##### Provided records
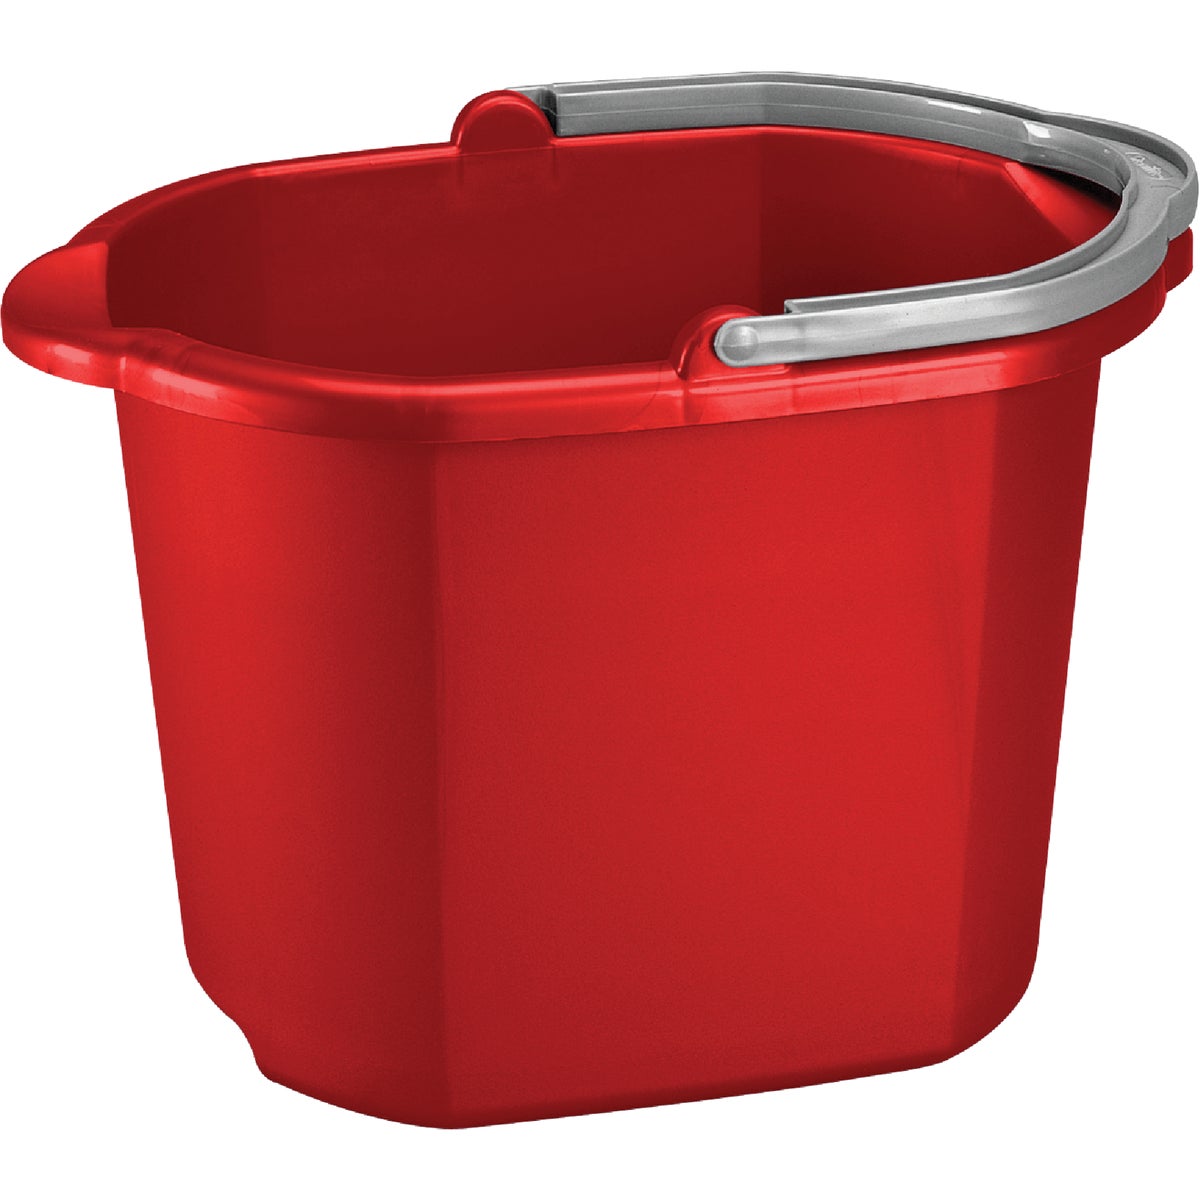 Sterilite 16 Qt. Red Dual Spout Bucket
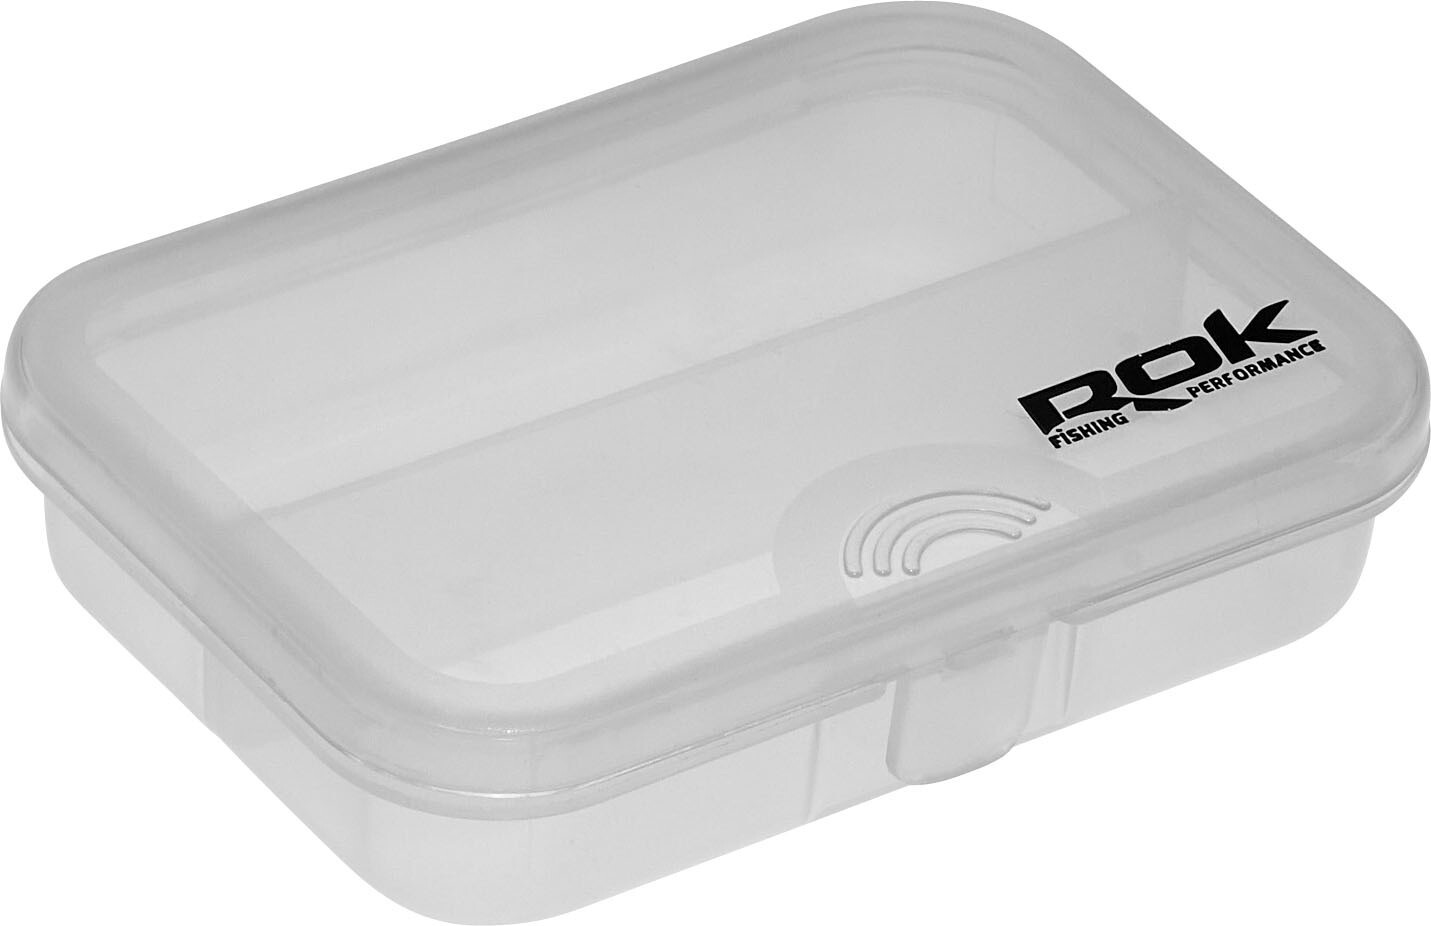 ROK STORAGE BOX XS302 - hosszában osztott mini tároló doboz - 9,1 cm x 6,6 cm x 2,2 cm
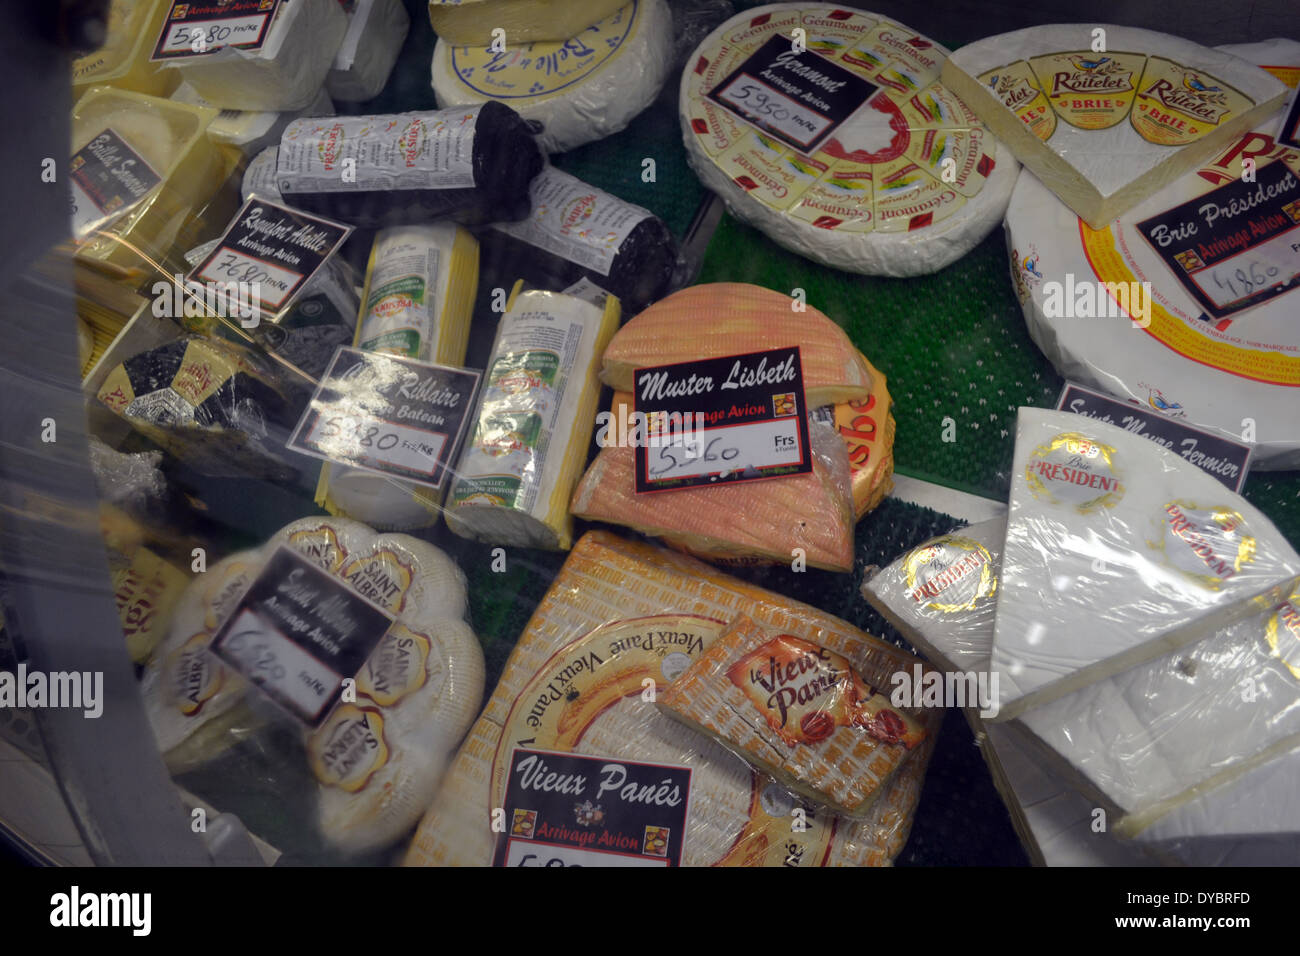 Importierten französischen Käse im Supermarkt in Matautu, Spuren des französischen Einflusses in Wallis Island, Wallis und Futuna Stockfoto
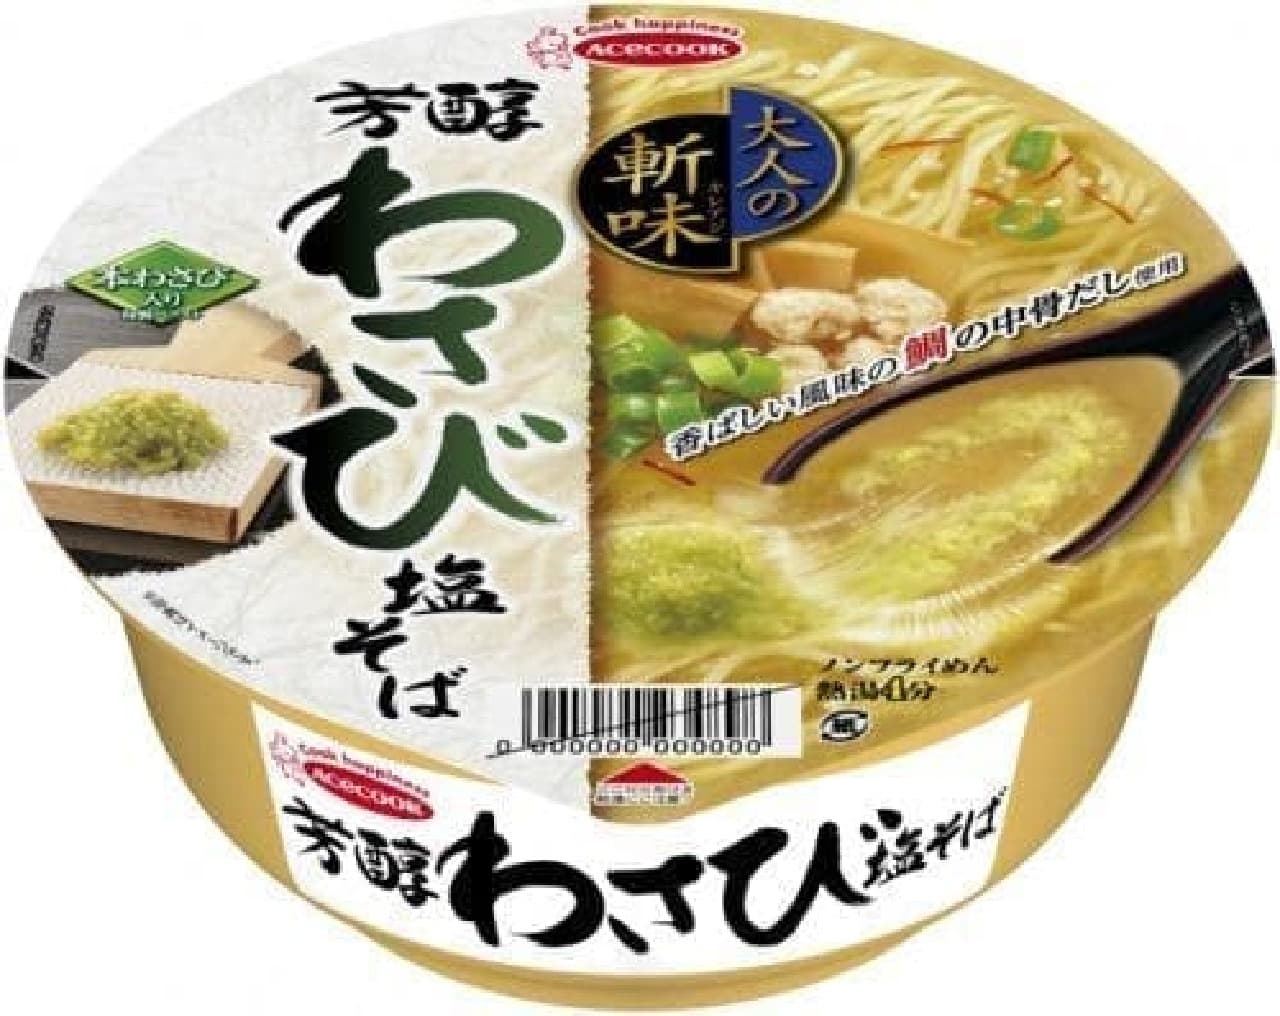 Acecook "Adult's sharpness mellow wasabi salt soba"
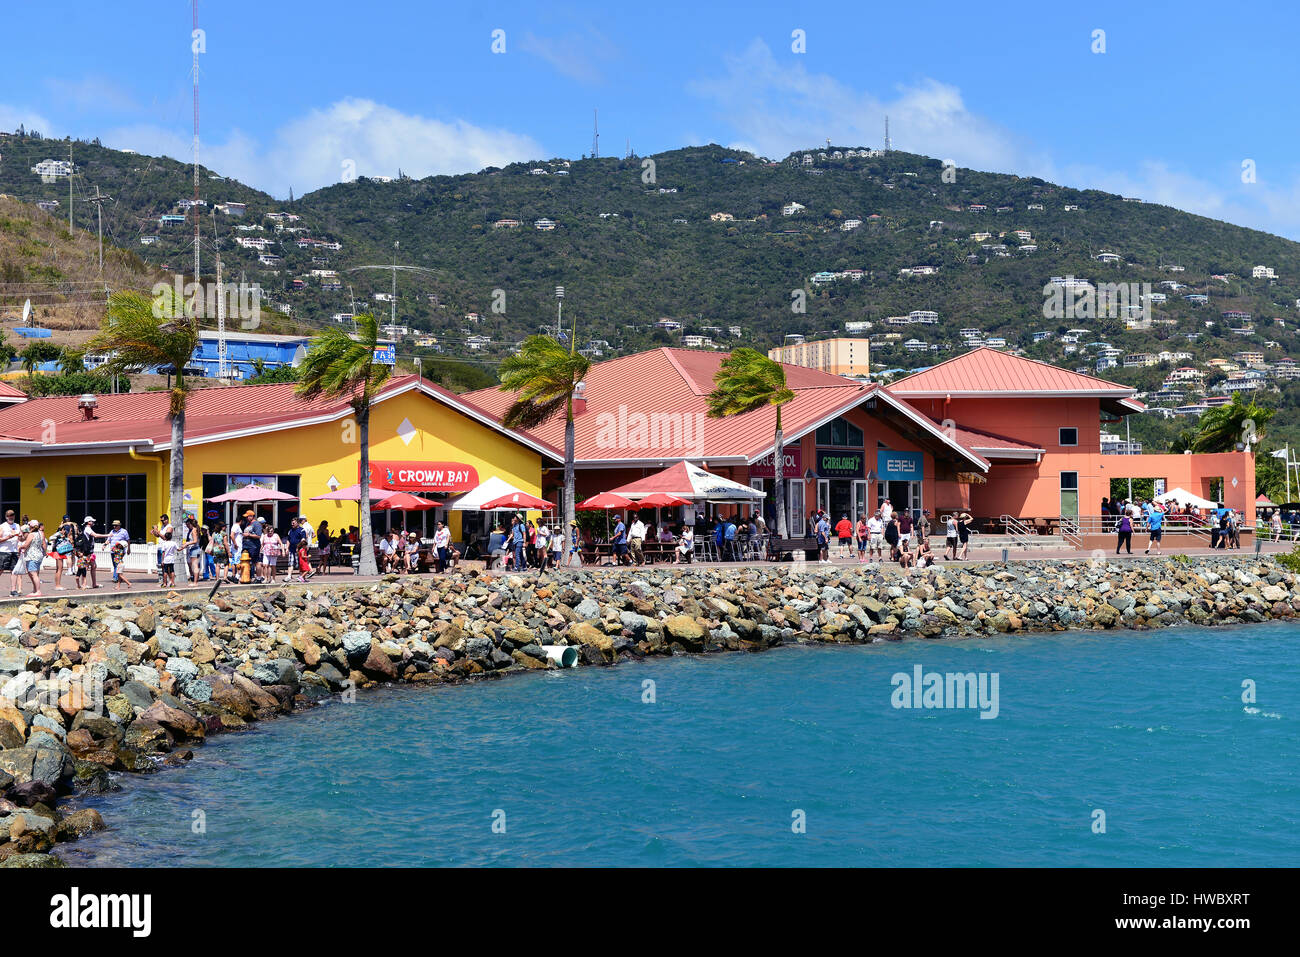 Saint Thomas, Islas Vírgenes de EE.UU. - March 1, 2017: El Centro de Crown Bay ofrece compras, juegos, comida, bebidas y está ubicado en las cercanías de muelle de cruceros Foto de stock
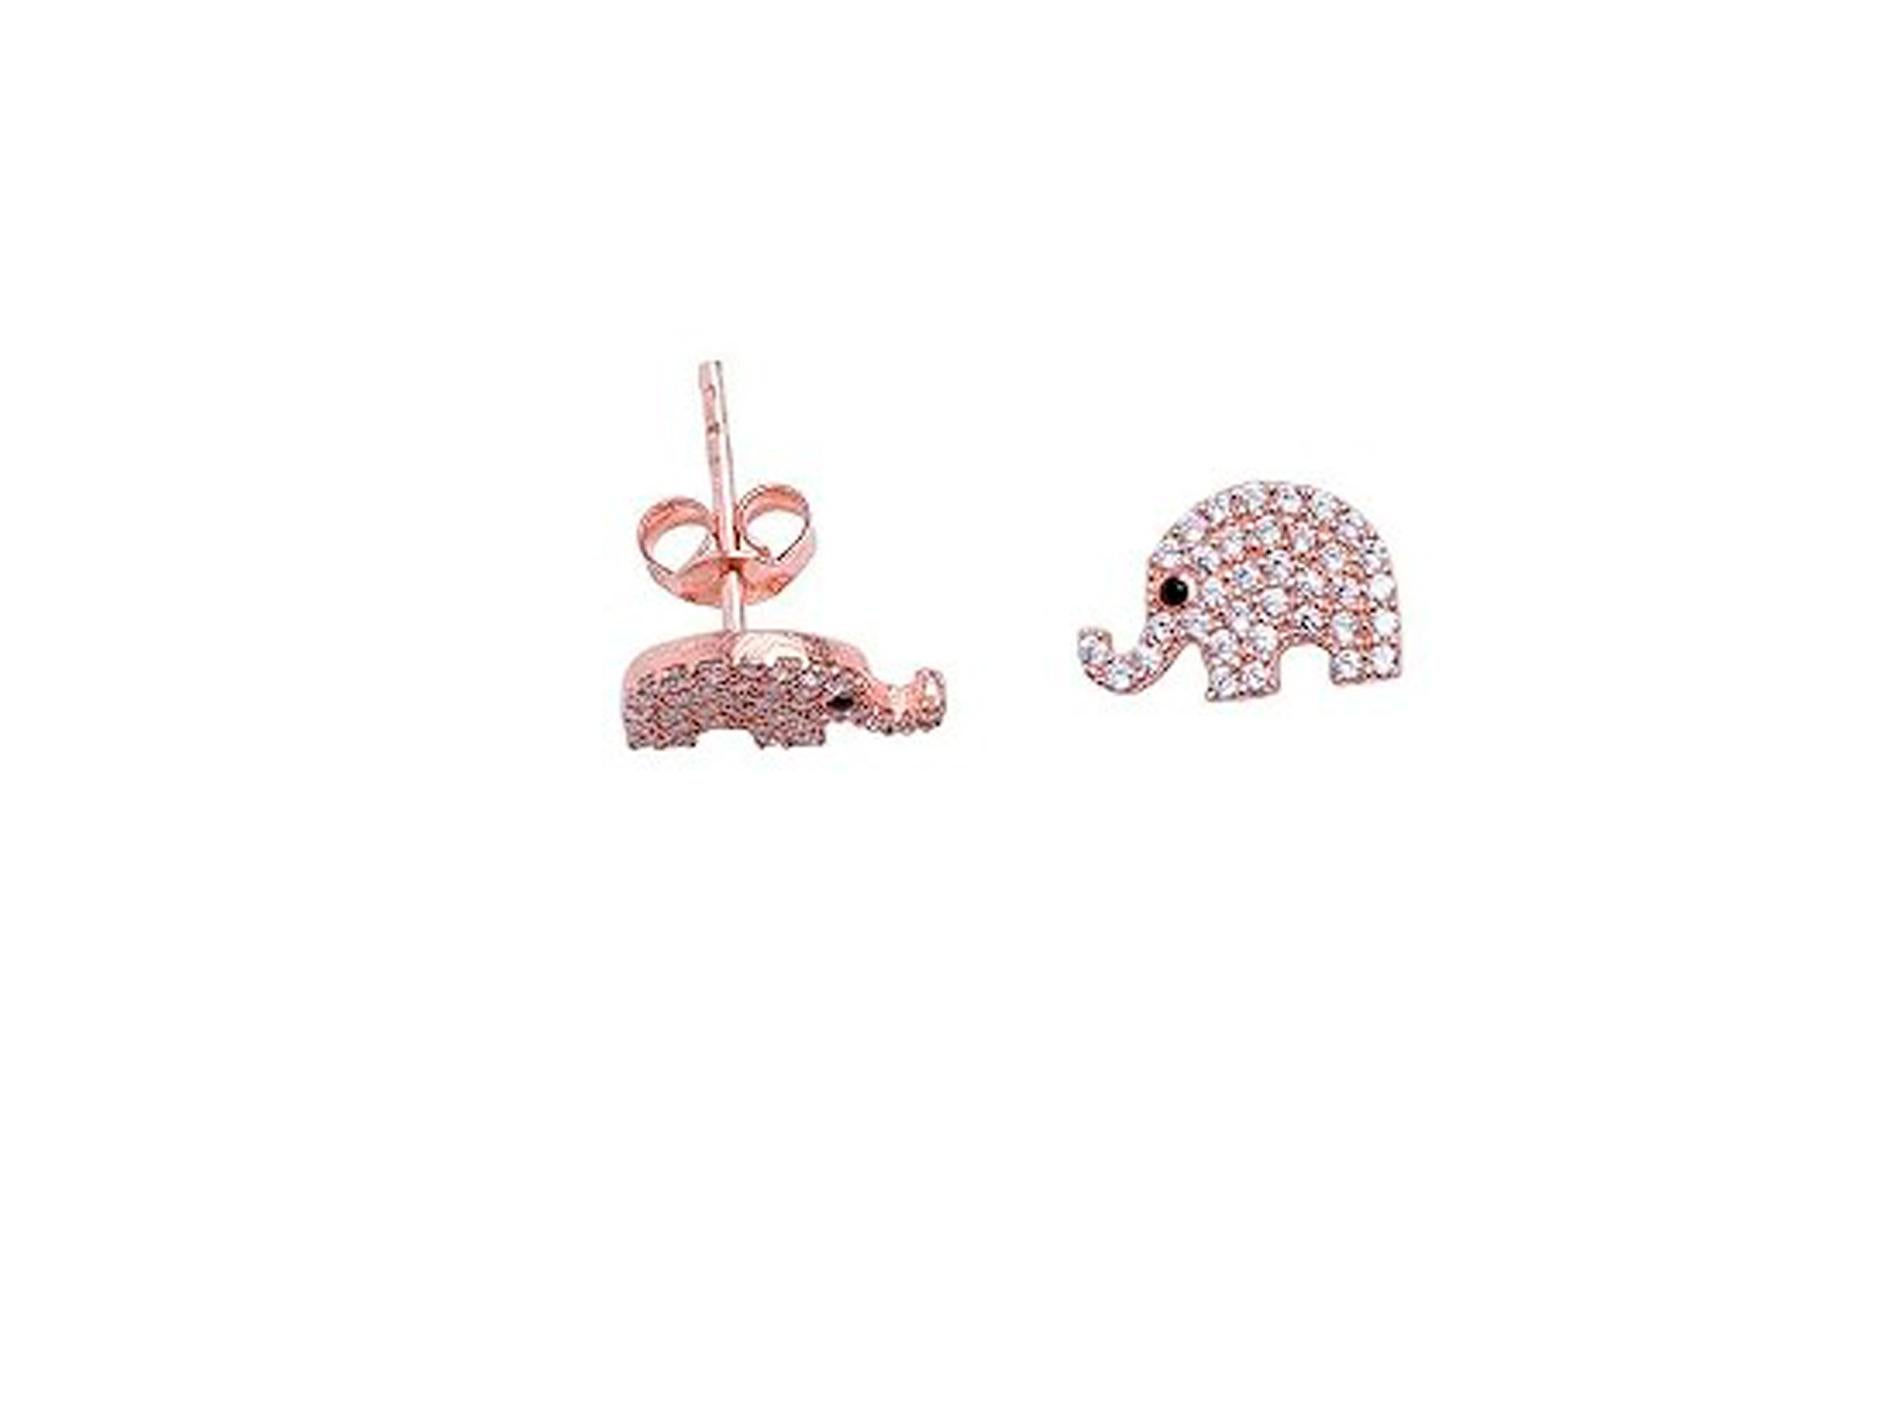 Round Cut Elephant earrings studs in 14k gold.
##########
Required work:
Without the pictures, retype exactly the lines from the one that holds "ROK STORAGE BOX" to the last line of the data above, both of them included.

Problem solution:
 ROK STORAGE BOX XS302 - hosszában osztott mini tároló doboz - 9,1 cm x 6,6 cm x 2,2 cm
 Importierten französischen Käse im Supermarkt in Matautu, Spuren des französischen Einflusses in Wallis Island, Wallis und Futuna Stockfoto
 Acecook "Adult's sharpness mellow wasabi salt soba"
 Saint Thomas, Islas Vírgenes de EE.UU. - March 1, 2017: El Centro de Crown Bay ofrece compras, juegos, comida, bebidas y está ubicado en las cercanías de muelle de cruceros Foto de stock
 Round Cut Elephant earrings studs in 14k gold.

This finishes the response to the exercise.